MacLean’s reaction was also swift. One can surmise that Barrington’s letter arrived by mid-January 1779 because Jeffries recorded in his diary on the 25th the following account of a conversation with General MacLean: “…he had thoughts of breaking up the Gen [general] Hosp [hospital] . . . ”
Conclusions
Knowing the details of the events that occurred to prompt MacLean’s reprimand, it is tempting to speculate as to how the situation arose. Did MacLean deliberately disobey orders or is there another explanation?
Jeffries’ diary entry for August 22nd records that “In the Eve Mr.
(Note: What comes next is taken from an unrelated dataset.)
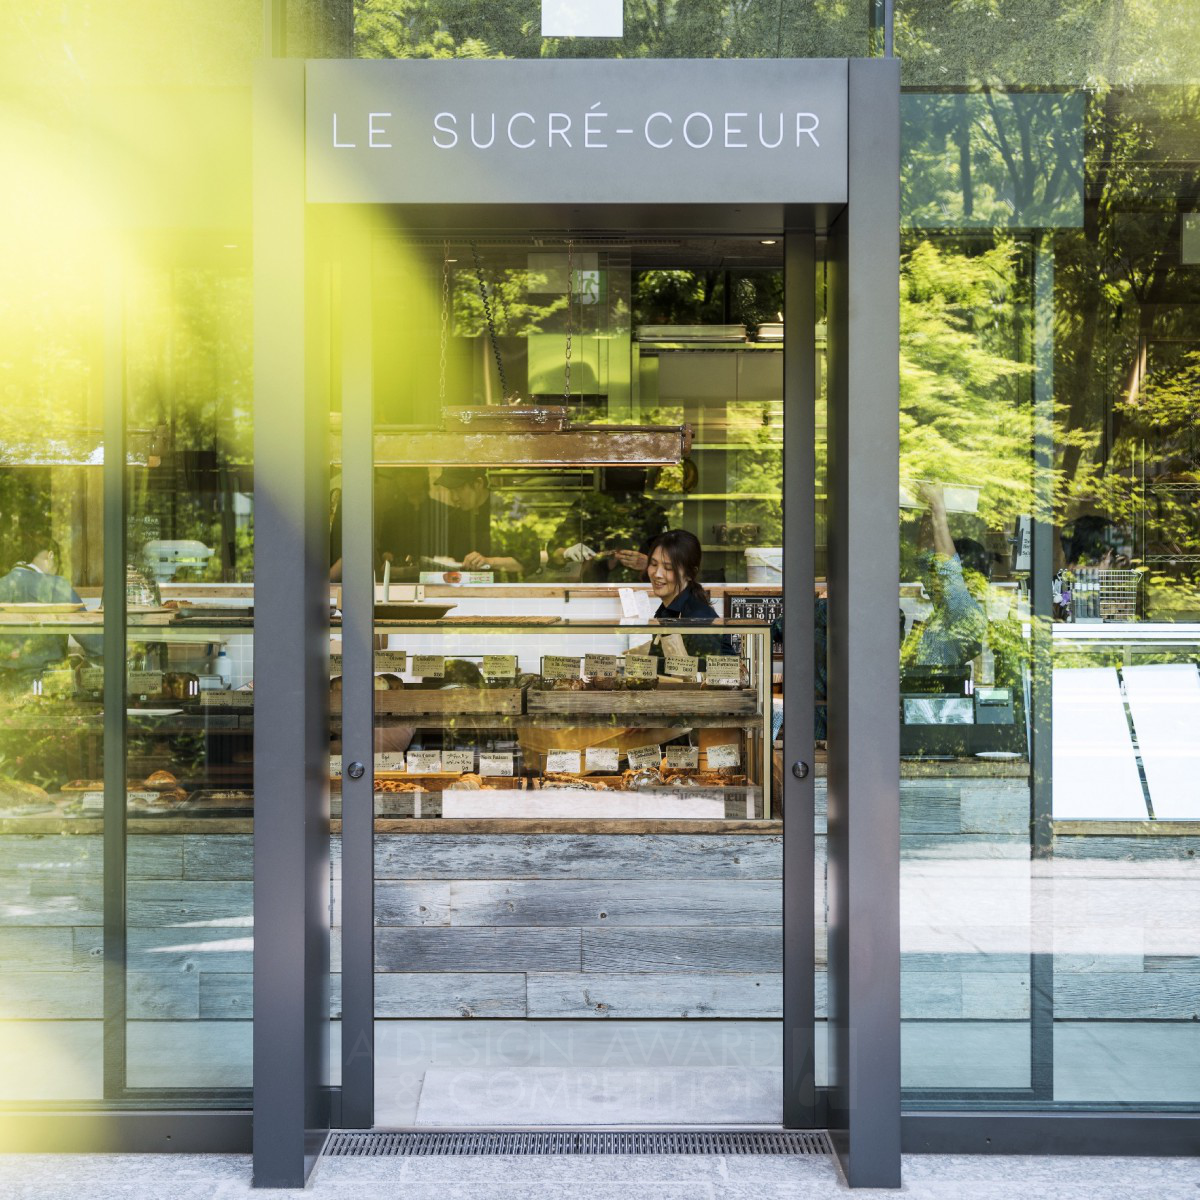  Le Sucre-Coeur <b> bakery
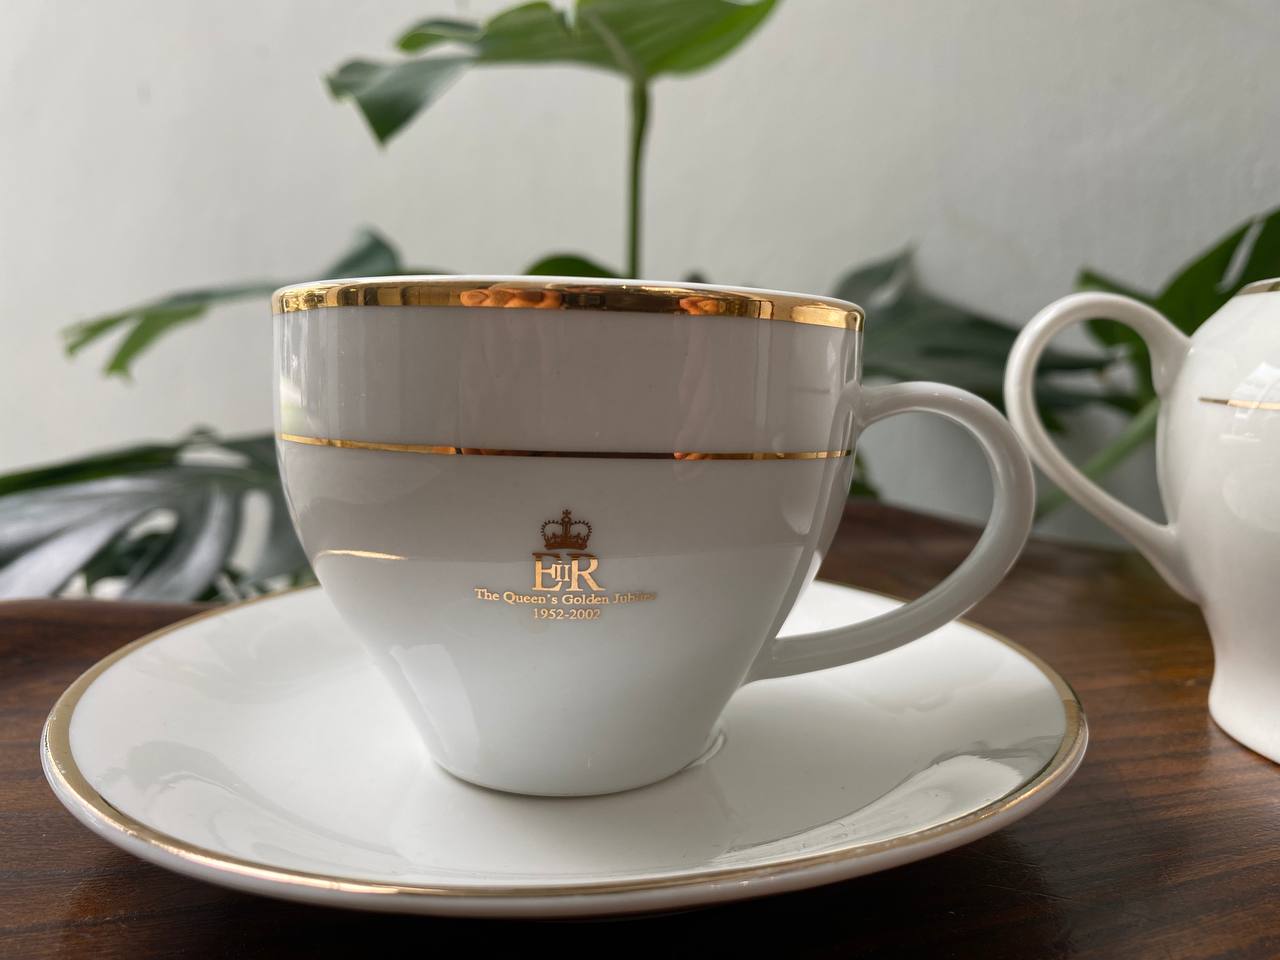 Queen Elizabeth II Golden Jubilee Teacups and Saucers

Marshall, surgeon of the Genl [general] Hospital first visited the Hospital . . .” Given the recorded arrival of MacLean on August 12th, was there a reluctance on the part of Marshall to involve himself in the general hospital’s affairs? He had acted rapidly to make his concerns about the state of the rebel hospital known. The fact that between his arrival in mid-August 1778 and early November, by which time those concerns had made their way to London and policy formulated, suggest he acted quickly indeed.
But why didn’t he just use his command authority and close the general hospital as he had clear orders to do? The answer may lie in his relationship with Dr. Jeffries. Jeffries, at Halifax in 1778, was an experienced, well-qualified physician. He had been in command of both military and civilian medical affairs for two years. In contrast, while much biographical detail may be readily discovered about Jeffries; Marshall remains an unknown figure. A search of typical sources for biographical data has turned up nothing about his medical qualifications or prior experience. Perhaps Marshall was reluctant to exert authority over a physician who he felt was his superior in knowledge and experience.
Finally, with respect to General MacLean, the events leading to the reprimand occurred within two months of his arrival at Halifax garrison; which was his first such command. It is hardly surprising that he may well have assigned lower priority to the matter of the hospital, involved as he was in a very active and fluid military situation in a theatre of war. His reprimand was therefore nothing more than a response to a simple oversight on his part.
Stephen Bolton is an auditing student of the Revolutionary and Loyalist Era Medicine course at UNB’s History Department. He holds a PhD (Chemistry) from the University of New Brunswick and an MD from Dalhousie University. He is a historical re-enactor of the Revolutionary War period, serving with Delancey’s Brigade (a Loyalist Provincial Corps unit).
Secondary Sources Used
“BARRINGTON, William Wildman, 2nd Visct. Barrington [I] (1717-93), of Beckett, Berks,” The History of Parliament: British Political, Social, and Local History Website.
Paul E. Kopperman, “Medical Services in the British Army, 1742-1783,” Journal of the History of Medicine, (October 1978).
A. E. Marble, Surgeons, Smallpox and the Poor: A History of Medicine and Social Conditions in Nova Scotia, 1749-1799, (McGill-Queen's University Press: Montreal, Que., 1993).
Franklin B. Wickwire,“McLEAN, FRANCIS,” Dictionary of Canadian Biography Website.